The presence of these insect did get me thinking about why I’m noticing them this year. I think it all has to do with cultural practices. In years past I would mulch the asparagus in the summer with straw and then in the spring burn the mulch and the dried ferns to clear the bed. I didn’t know it at the time but while clearing the bed with fire I was also killing most of the overwintering beetles.

Mating Asparagus Beetles

Mating Asparagus Beetles

With changes in the neighborhood I’ve replaced the spring burning with mulching the bed with wood chips and cutting the ferns off in the fall. What this means is that I’ve started to provide a perfect environment for the adult beetles to overwinter.

This fall I plan to remove most of the mulch from the beds. I might leave the ferns in the bed and go back to burning them in the spring. The other option is to cut the ferns in the fall and then go over the bed in the early spring with a propane weed torch. This would burn off the bottoms of the old fern stalks and kill many of the overwintering beetles.

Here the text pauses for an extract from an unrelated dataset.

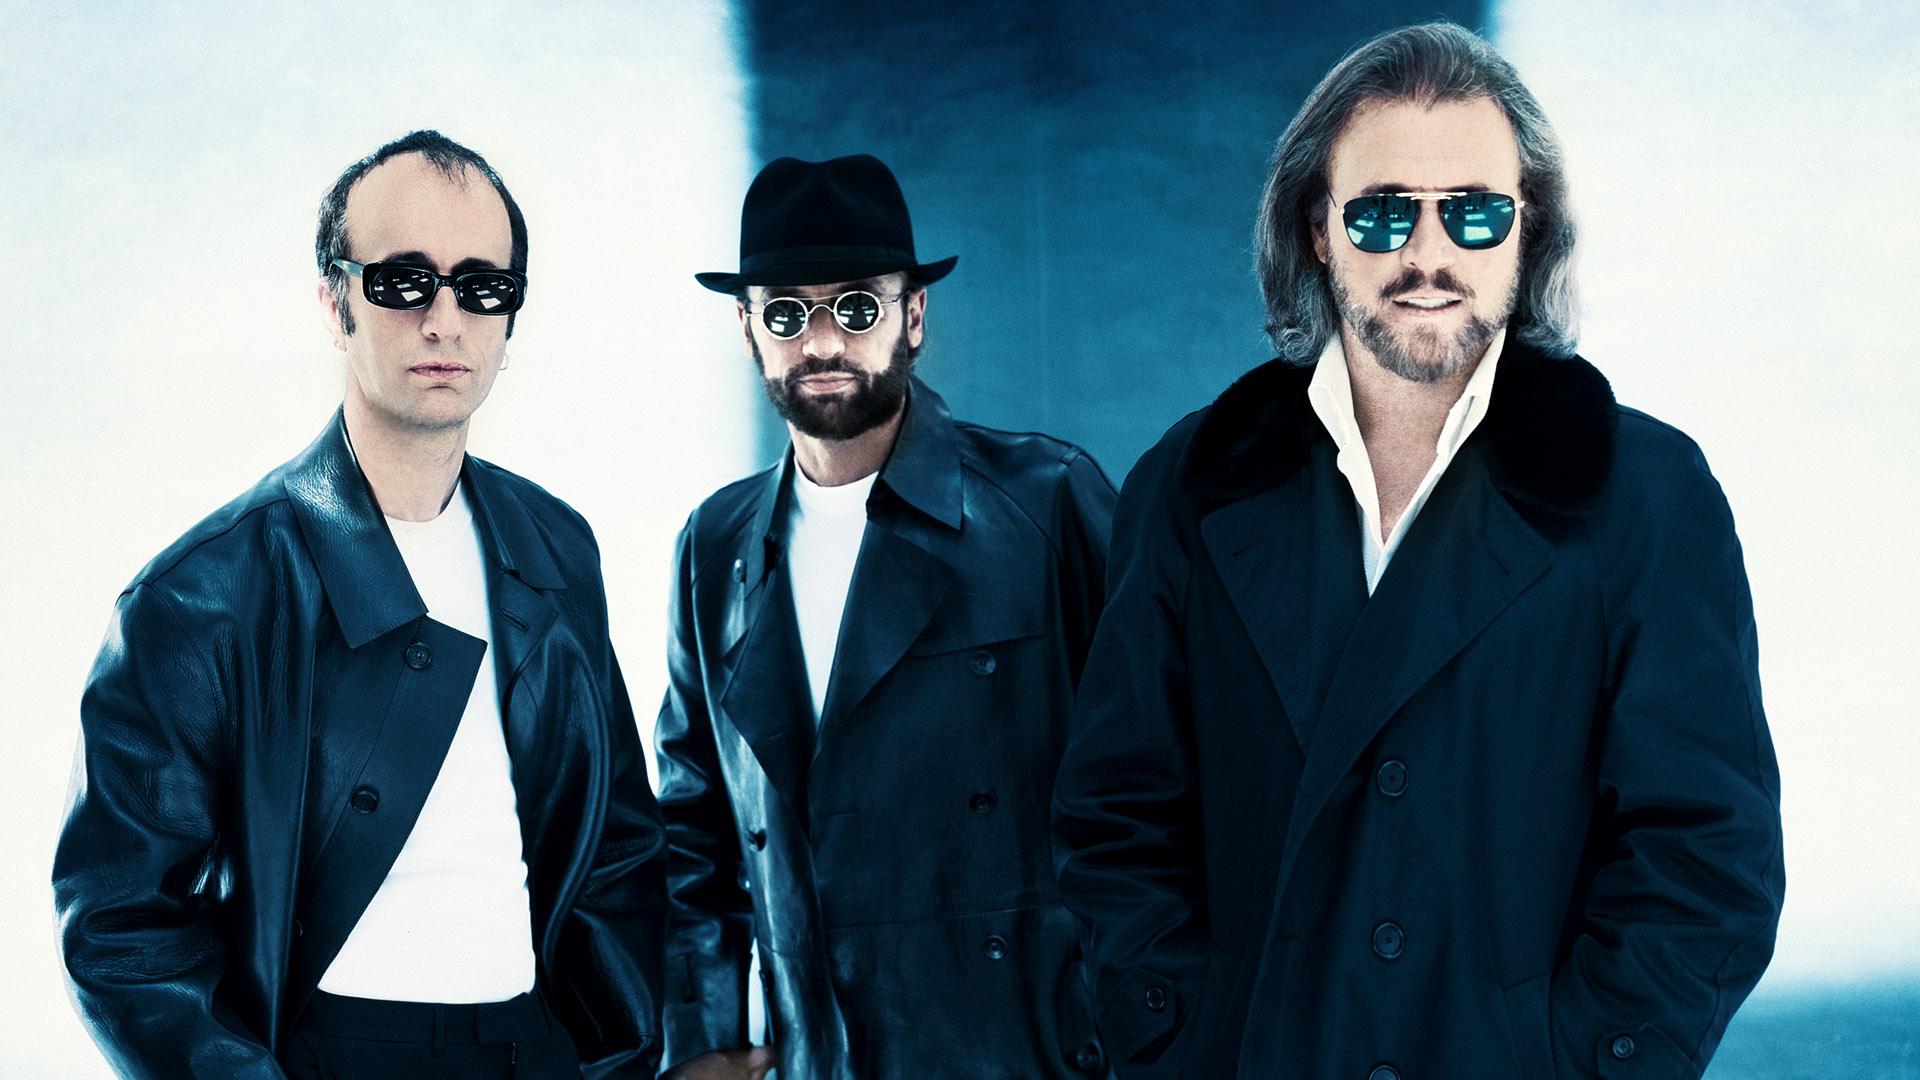 How Deep Is Your Love av Bee Gees

In the meantime I’ll be keeping a close eye on the asparagus bed. Harvest season is coming to an end and once the ferns have fully developed I’ll be making sure that they’re not being defoliated by the beetles. This could weaken the plants and ruin next year’s harvest. If it gets too bad, a little pyrethrin spray will help to keep the beetles in check.

While asparagus beetles can be a problem, now that I know about them and their life cycle, I think I can get them under control. Cleaning the bed in the fall and using a little fire in the spring should be all that’s needed to limit the number of asparagus beetles in the garden next year.